Project Details
The Liquidity of the German Equity Market: Data, Methodology, Results
Applicant
Professor Dr. Erik Theissen
Subject Area
Accounting and Finance
Term
from 2014 to 2023
Project identifier
Deutsche Forschungsgemeinschaft (DFG) - Project number 260413935
Our main objective is to create an extensive database containing daily liquidity measures (ca. 30 variables) for the German equity market. The coverage will be 10 years and all stocks contained in the CDAX. This database will provide important input for future research in microstructure and related areas. The raw data (approximately three terabyte of intraday data) will be provided by Deutsche Börse AG. We will carefully screen the data and then aggregate it to the daily level. The daily data wil then be fed into a database that will be freely and at no cost available to other researchers.

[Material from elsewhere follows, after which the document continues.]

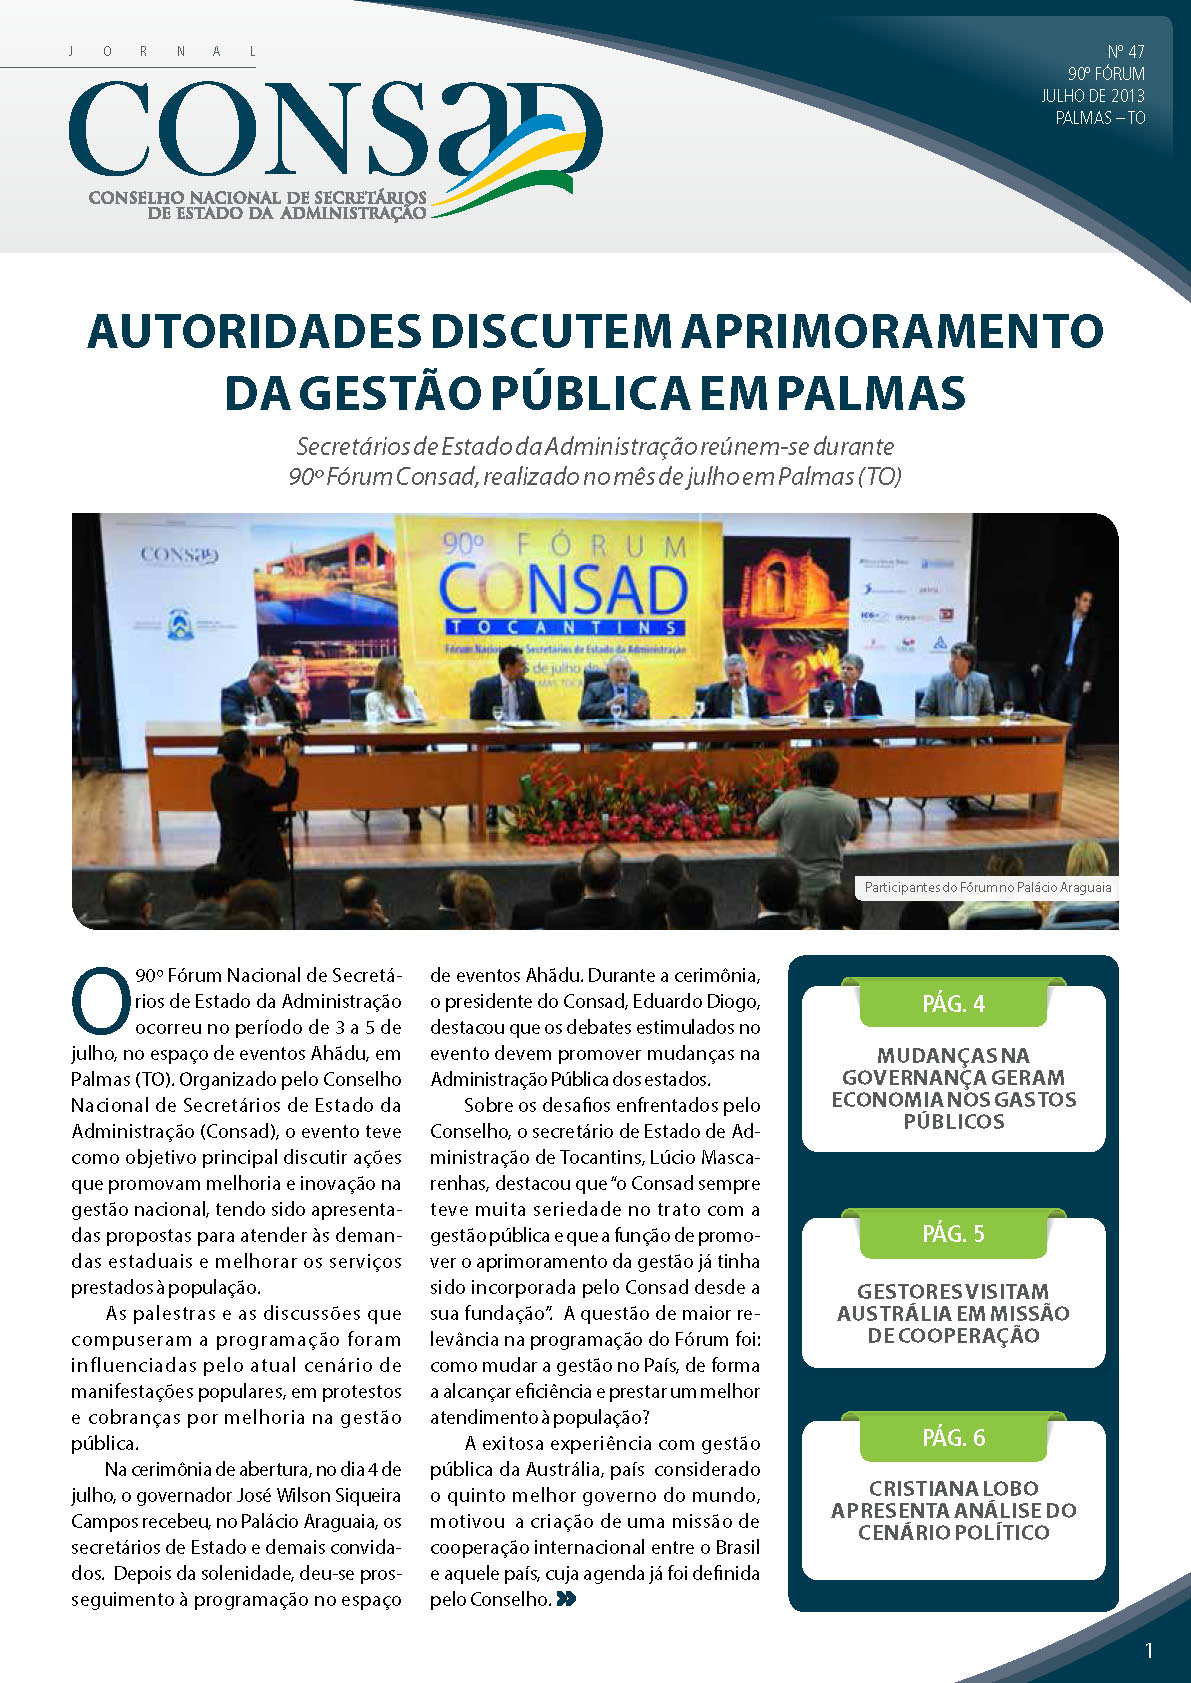 Jornal do Consad Número 47 – Julho de 2013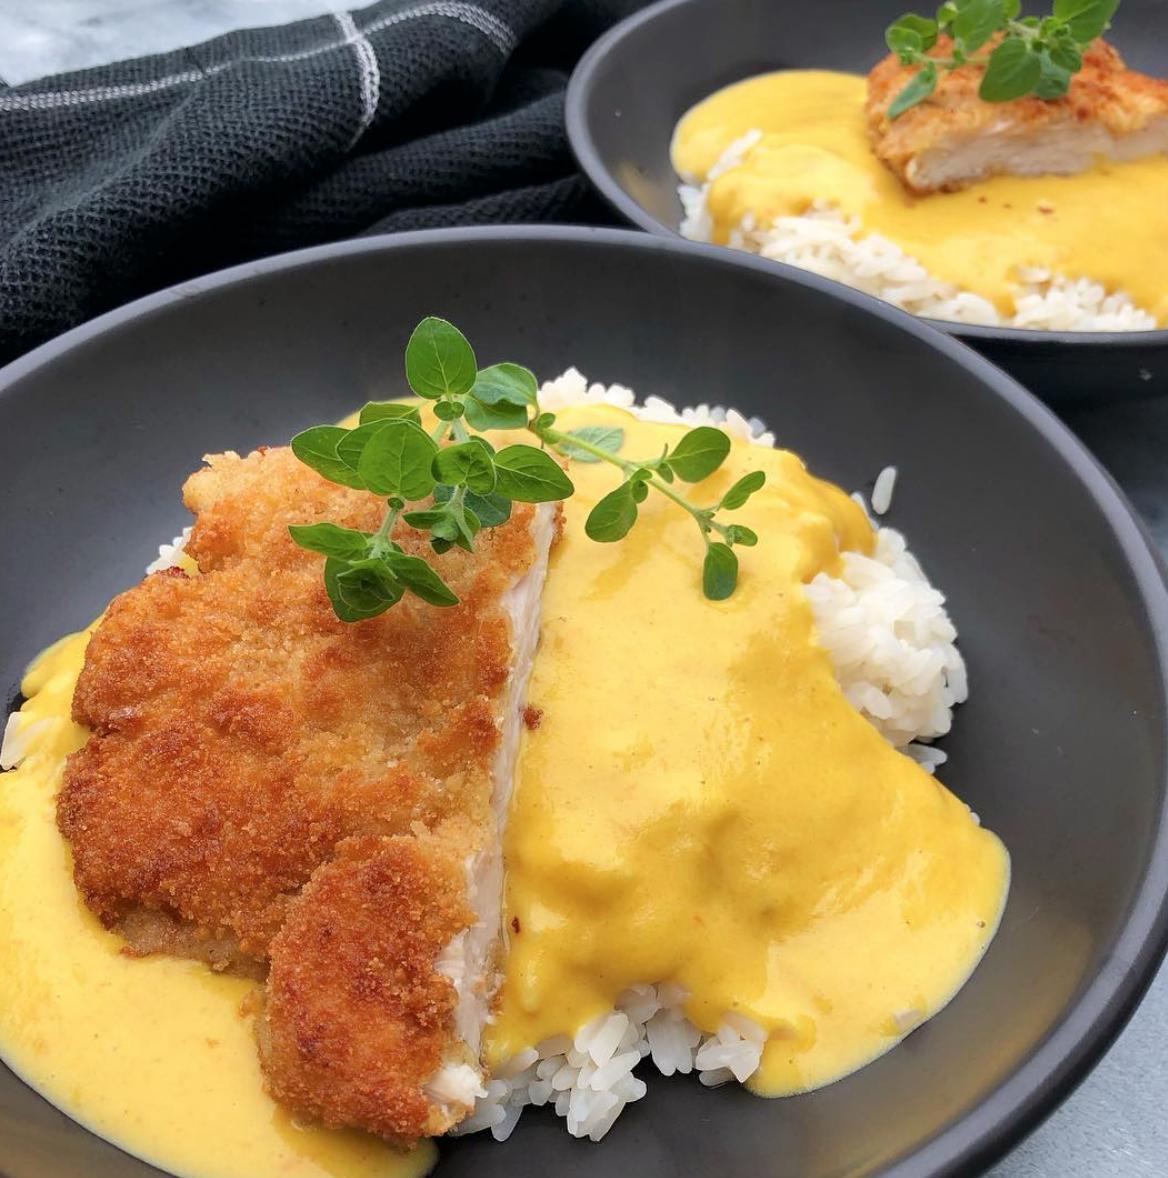 Chicken Katsu Sprod Paneret Kylling Med Karrysovs Mummum Dk Opskrift Madopskrifter Sund Aftensmad Aftensmad

The only requirement is that researchers have to sign a form un which they guarantee that the use the data for research purposes only (and in particular not for commercial purposes), and that they will not make the data available to third parties. Deutsche Börse has explicitly granted us the right to make the daily data available in this particular way. A second objective of our project (closely linked to the first one) is the creation of a technical document. It will describe the contents and structure of the database in a way such that other researchers can work with the data. Our third objective is to write a paper that describes and analyzes the trading activity and liquidity on the German equity market. Obviously this paper will be based on the data set we intend to create. The fourth and final objective is to write a paper that analyzes the accuracy of low-frequency liquidity measures. Such measures have been proposed in the literature (starting with Roll 1984) in order to provide measures of liquidity that can be calculated when intraday data is unavailable (or too expensive or too cumbersome to use). Previous evaluations of such measures use different methodology and yield ambiguous results. Further, almost all previous papers conclude that the low-frequency measure which has been proposed in the respective paper fares better than all other measures. We plan to perform an analysis that is based on a broader sample (Germany and the US; this is warranted because the market structure in the two countries is distinctly different). We further plan to use a broader set of methods to assure the robustness of our results.